Hey @YoshikiFujiwara , I took a look and have some meaningful feedback for you.
Short version: your diagnosis is right, and what it points to is an unsupported path, not a mistake in your IAM setup. Amazon S3 Access Points are not a supported target for Unity Catalog external locations on AWS today. The current AWS docs only cover external locations against standard S3 bucket paths (s3://...). There's no public doc or release note that lists S3 Access Point ARNs as a supported target, and nothing that describes special configuration for them. The behavior you captured is the known signature of this gap.
Why it behaves this way
Unity Catalog doesn't hand the compute your full IAM role. It uses credential vending (down-scoping). When a query touches the external location, UC calls AWS STS AssumeRole and attaches a session policy scoped to the requested path. Your effective S3 permission is the intersection of two things:
- Your IAM role's identity policy, which you've correctly set to
s3:* on the access point ARN.
- UC's generated session policy, which is built from standard
s3://bucket/prefix semantics.
That intersection is where it breaks.

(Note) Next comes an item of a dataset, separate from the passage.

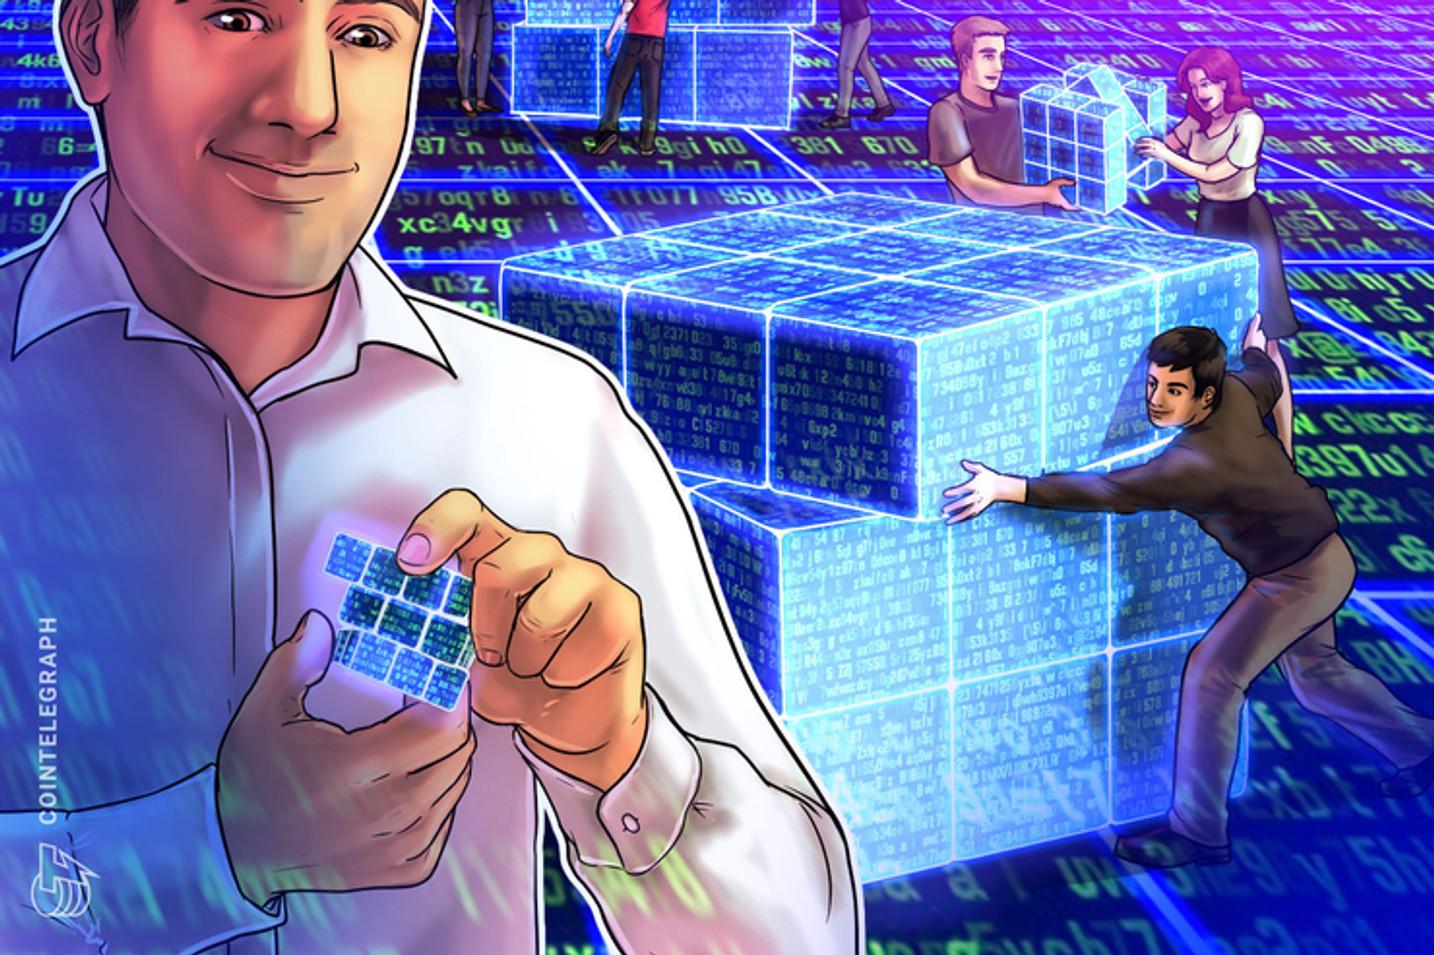 La dificultad de Bitcoin Cash luce volátil antes del Hard Fork del 15 de noviembre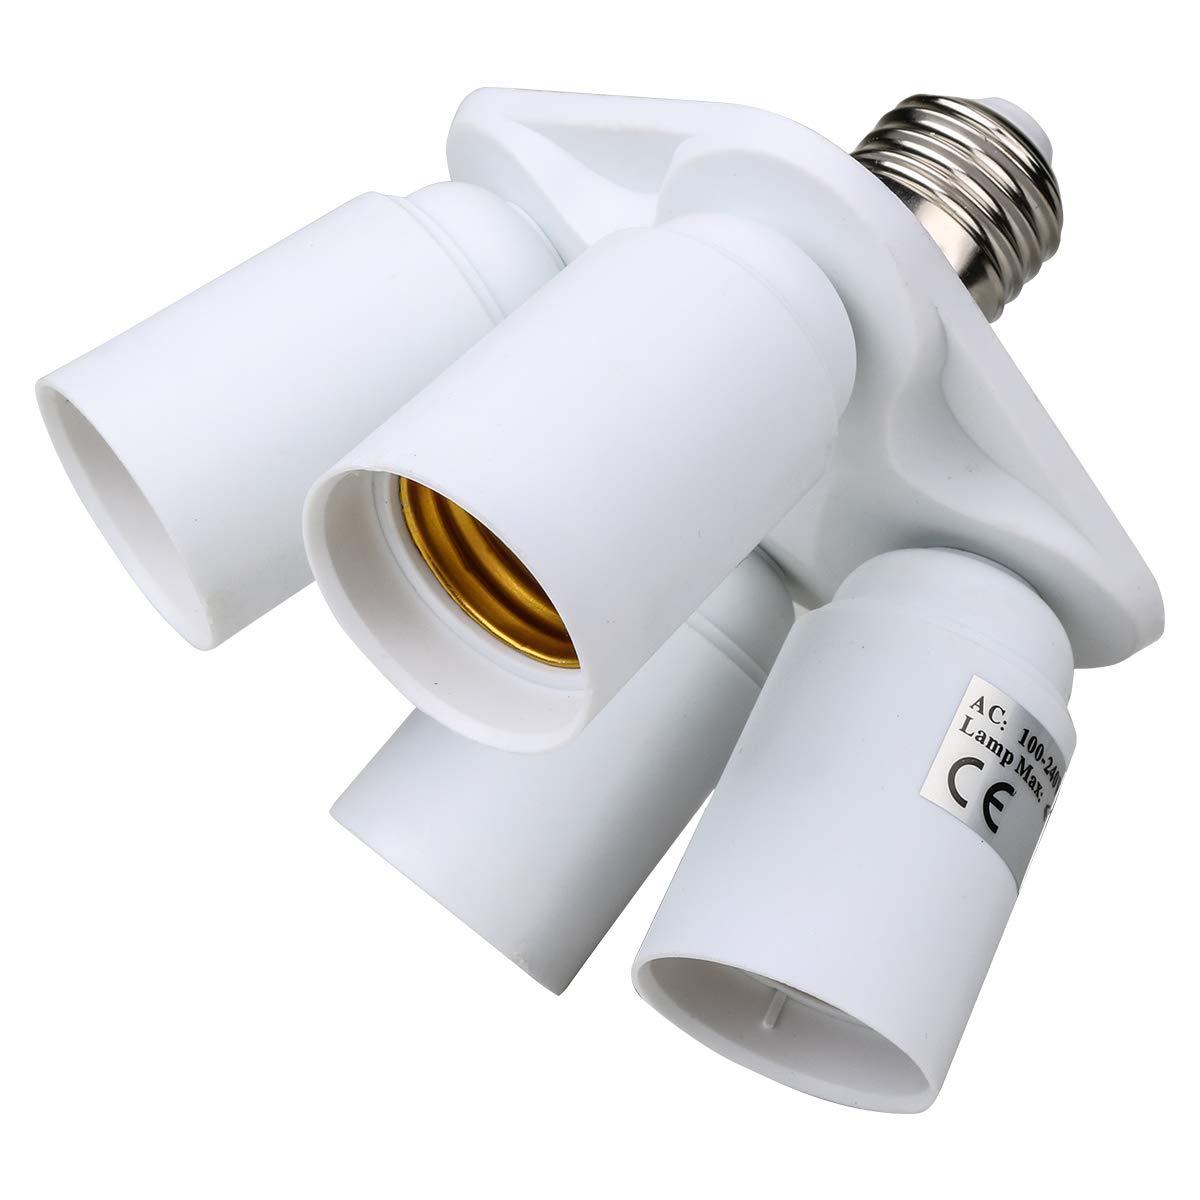 Toplimit GU10 to E12 Adapters Base Converts Fixture GU10 to Standard Screw-in Bulb Socket E12 Inflaming Retarding PBT Pack of 5 GU10 to E12

Standard bucket object operations authorize against arn:aws:s3:::bucket/prefix/*. Access point object operations require a different ARN namespace: arn:aws:s3:<region>:<acct>:accesspoint/<name>/object/<prefix>/*. UC's down-scoped session policy doesn't emit those access point object ARNs, and it scopes ListObjectsV2 to the root prefix only.
That explains each symptom you saw:
- Top-level
ls and explicit single-file reads match the narrow root-prefix scope, so they succeed.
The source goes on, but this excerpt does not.